Description of the task:
Return the data below in full and exactly, except that the pictures are dropped.

------ Exercise data

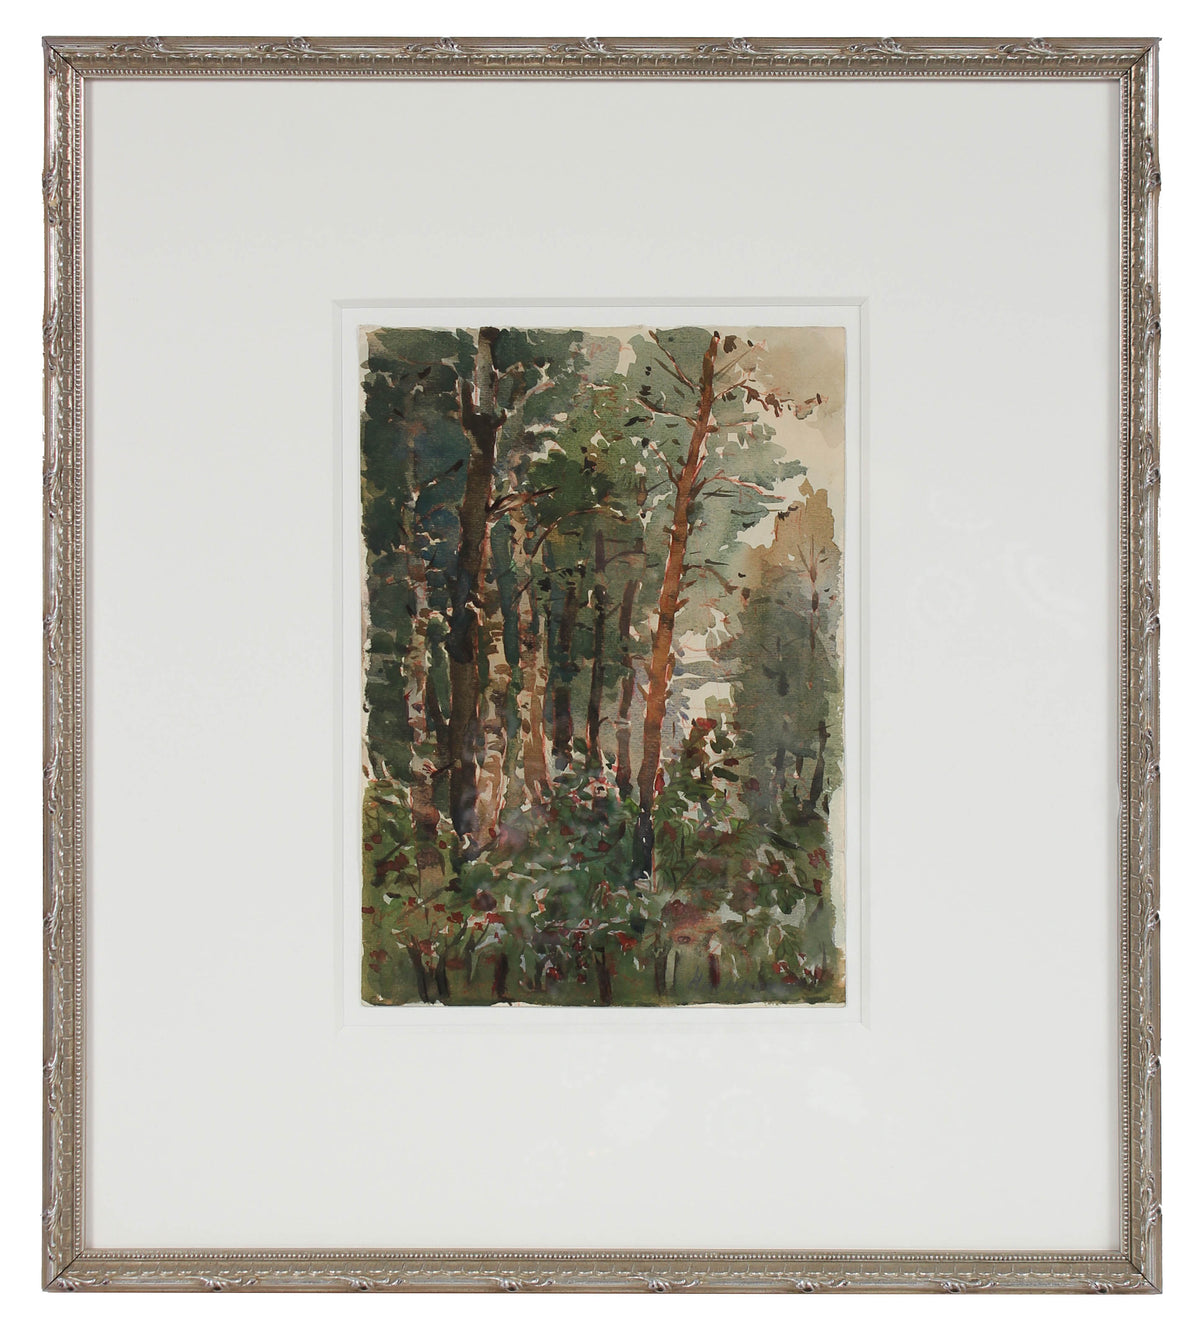 Abstracted Forest Scene&lt;br&gt;1960-80s Watercolor&lt;br&gt;Alexander Nazarenko&lt;br&gt;&lt;br&gt;#A2963
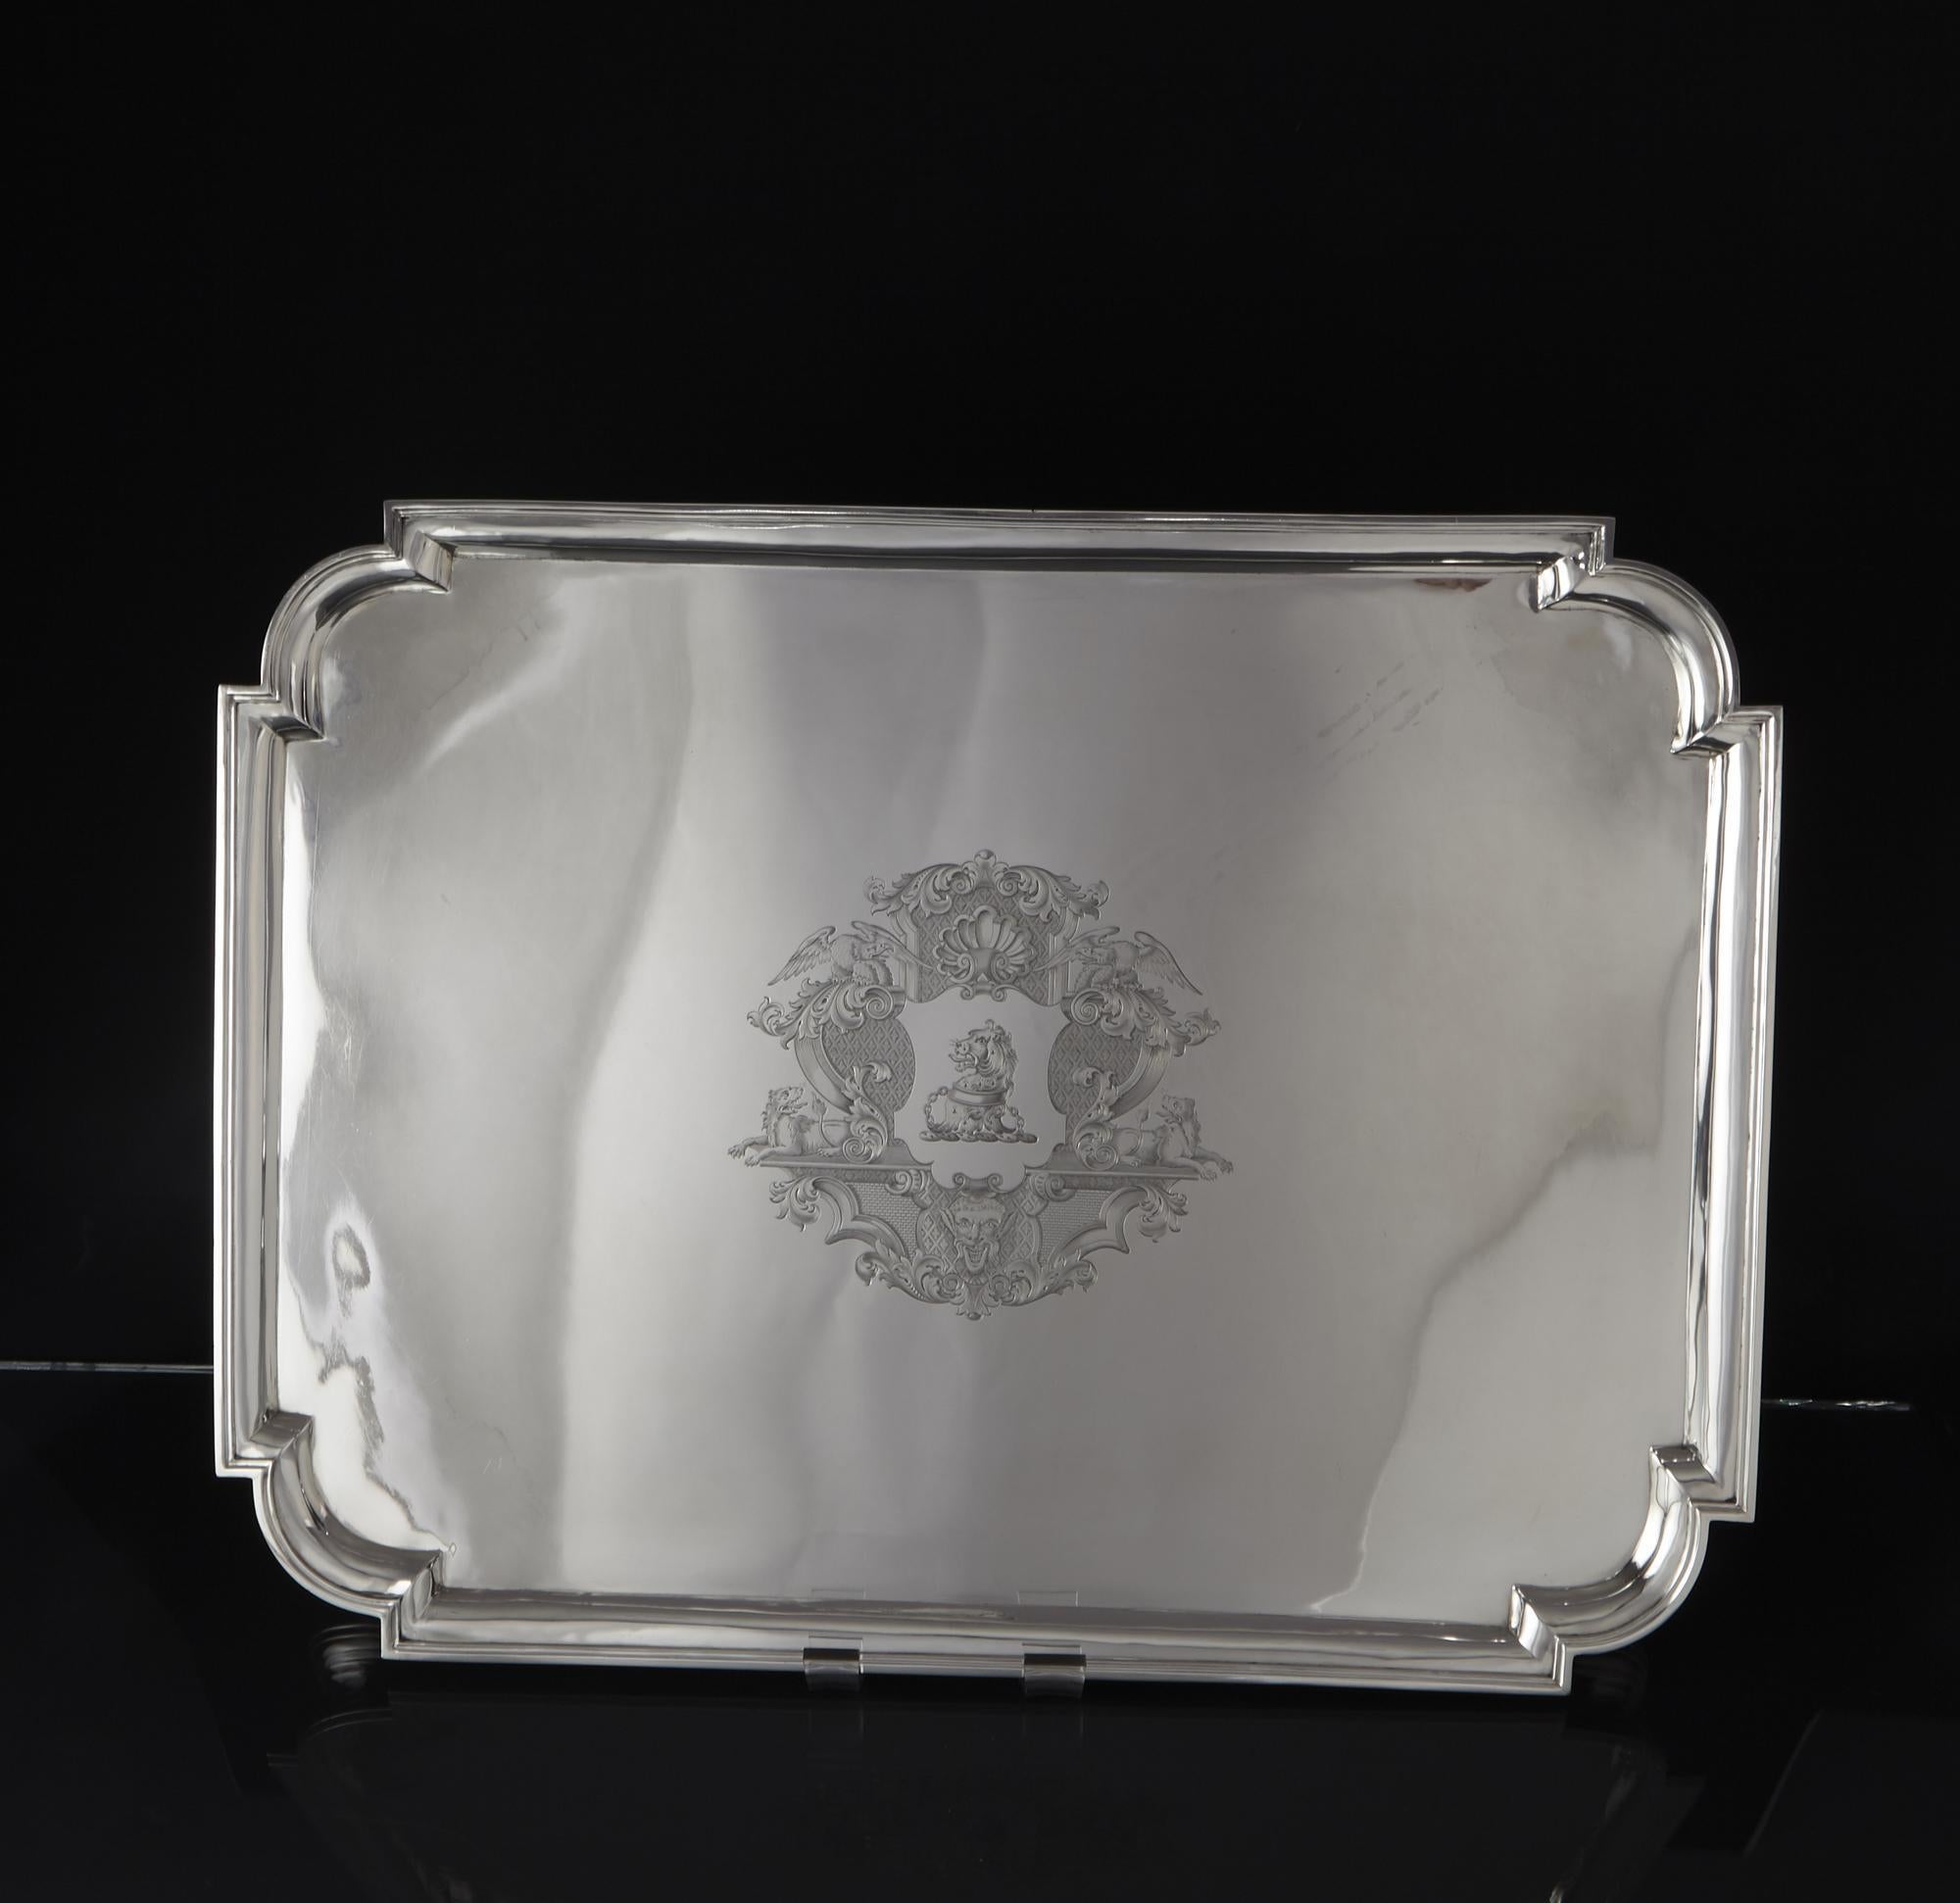 Large and wonderful quality antique silver tray or salver in the George II Videau style. It is oblong in form with shaped corners and mounted on four bracket feet. In the centre is a decorative cartouche, in the George II style, enclosing a crest of
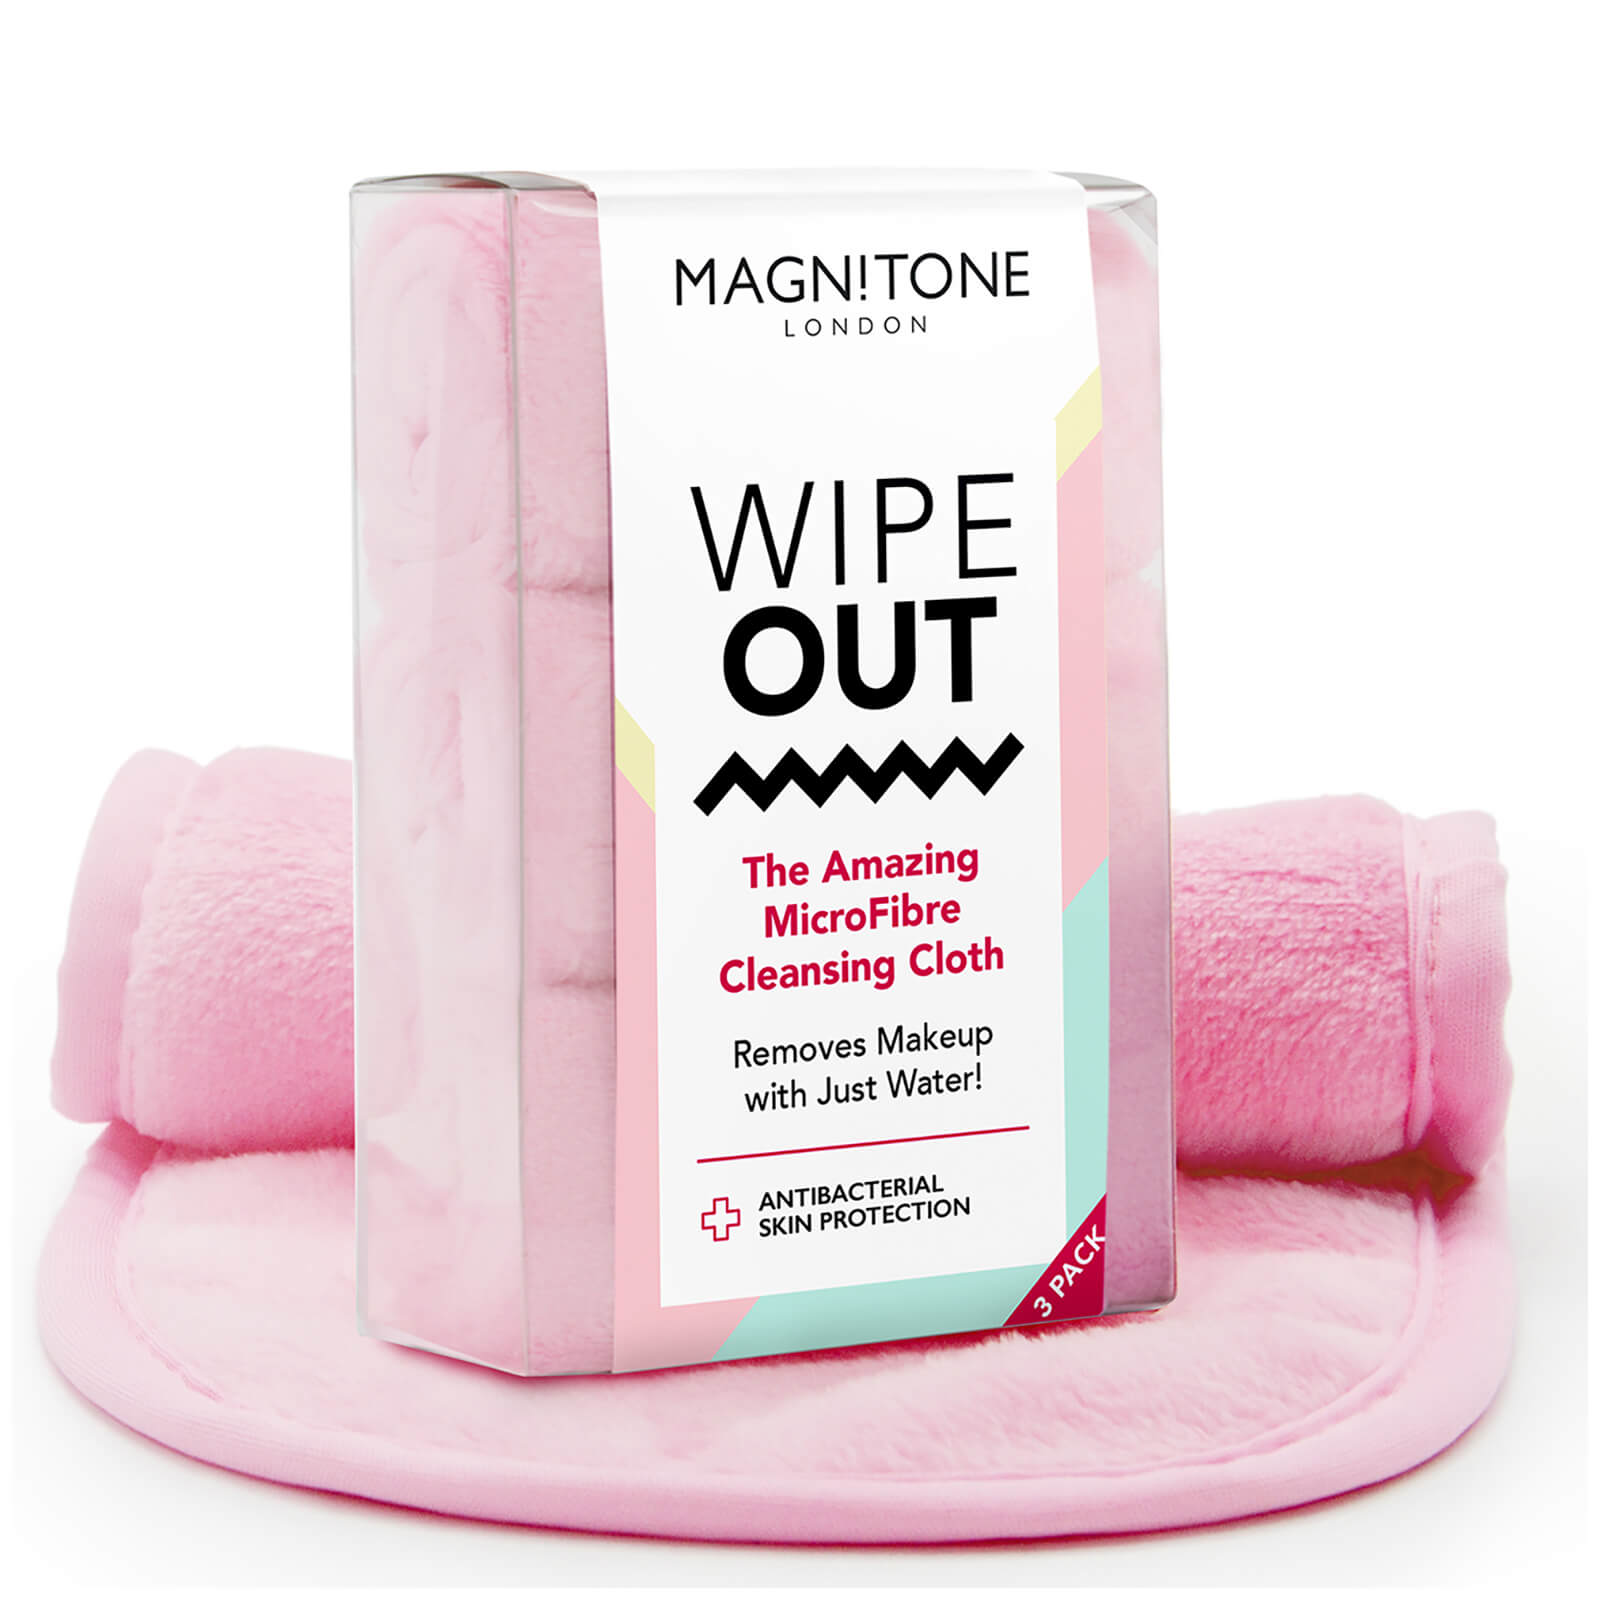 Magnitone London WipeOut! MicroFibre Cleansing Cloth with Antibacterial Protection - Pink (Pack of 3)

------------

Result below:
 Abstracted Forest Scene&lt;br&gt;1960-80s Watercolor&lt;br&gt;Alexander Nazarenko&lt;br&gt;&lt;br&gt;#A2963
 Large and wonderful quality antique silver tray or salver in the George II Videau style. It is oblong in form with shaped corners and mounted on four bracket feet. In the centre is a decorative cartouche, in the George II style, enclosing a crest of
 Magnitone London WipeOut! MicroFibre Cleansing Cloth with Antibacterial Protection - Pink (Pack of 3)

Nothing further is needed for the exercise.